И все же дочка приехала в тот же вечер, когда уже стемнело. Со слезами на глазах поцеловал ее Скродский. Ядвига озабоченно глядела на отца. Радость встречи омрачало его побледневшее, осунувшееся лицо. Она об этом не заикнулась, только осведомилась о самочувствии. Торопливо ответив, что здоров по-прежнему, Скродский поспешил излить все, что особенно наболело:

— Дорогая Ядзя, я так тревожился, чтобы тебя не застала в дороге ночь! Теперь такие беспокойные времена!

— А что же со мной могло случиться дурного ночью, папа? — весело спросила дочь. — Я не робкого десятка.

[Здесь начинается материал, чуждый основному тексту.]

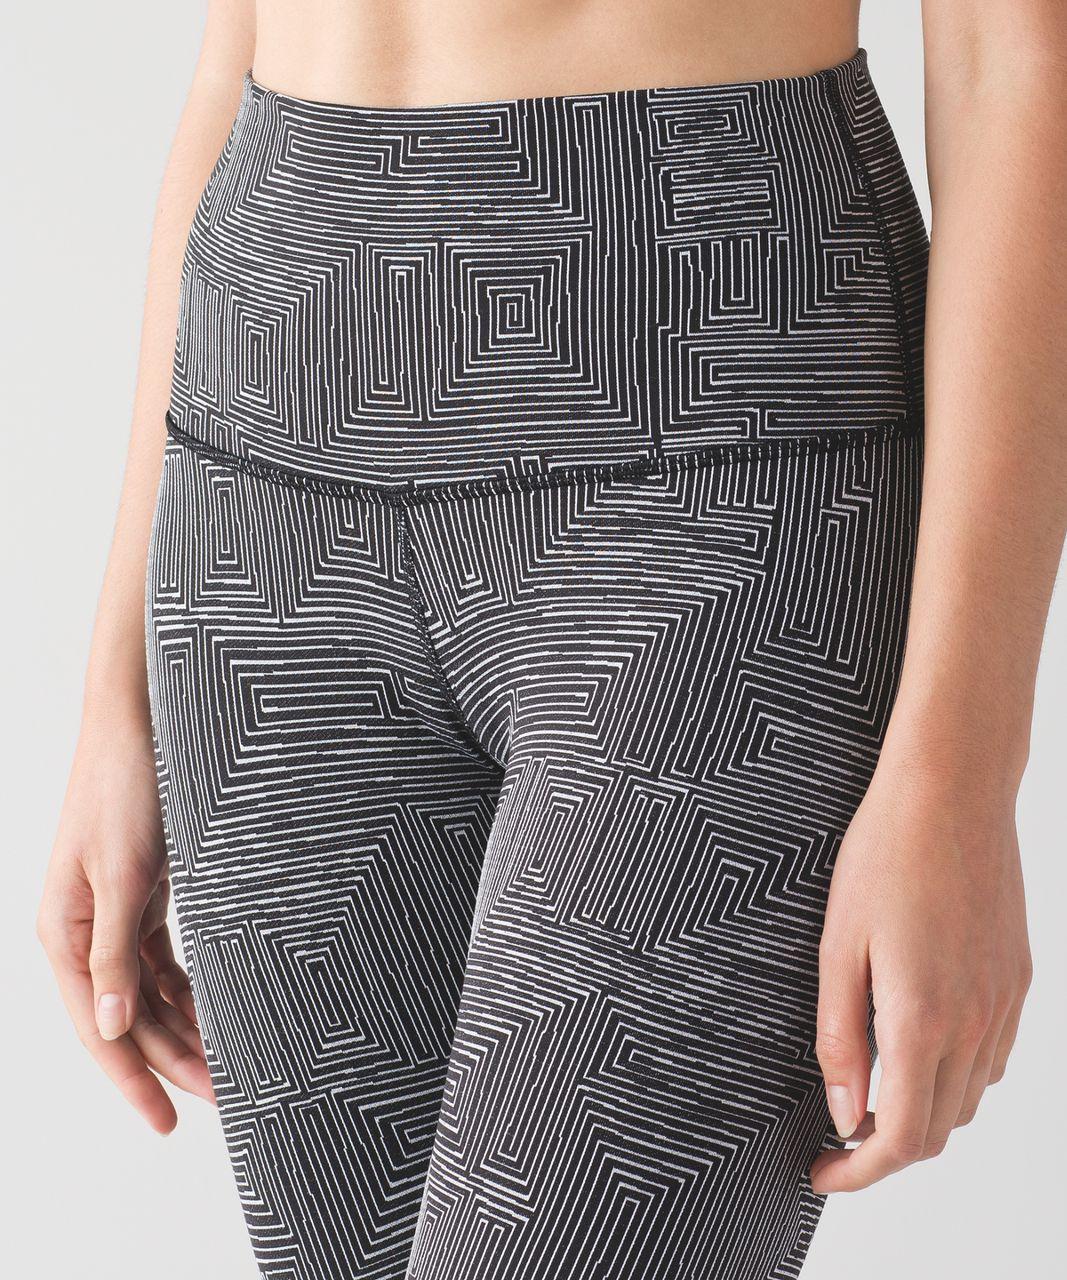 Lululemon Wunder Under Pant (Hi-Rise) - Maze Jacquard White Black

— Ах, что теперь за народ! Нужно опасаться каждого хлопа.

— Бояться крестьян?! — изумилась Ядинга. — Это чудеснейшие люди!

— Ты не знаешь, — твердил отец. — Завтра все расскажу. Ну, слава богу, — вижу тебя живой и здоровой.

— Папа, я не одна. Вот мой попутчик, а твой гость — Николай Пянка.

Только теперь Скродский заметил темноволосого молодого человека с мелкими чертами лица и узенькими усиками, который скромно стоял у кареты, видимо не желая мешать свиданию дочери с отцом.

Скродский, как любезный хозяин, выразил гостю свою радость и признательность за попечение о дочери в столь трудной поездке, попросил в комнаты.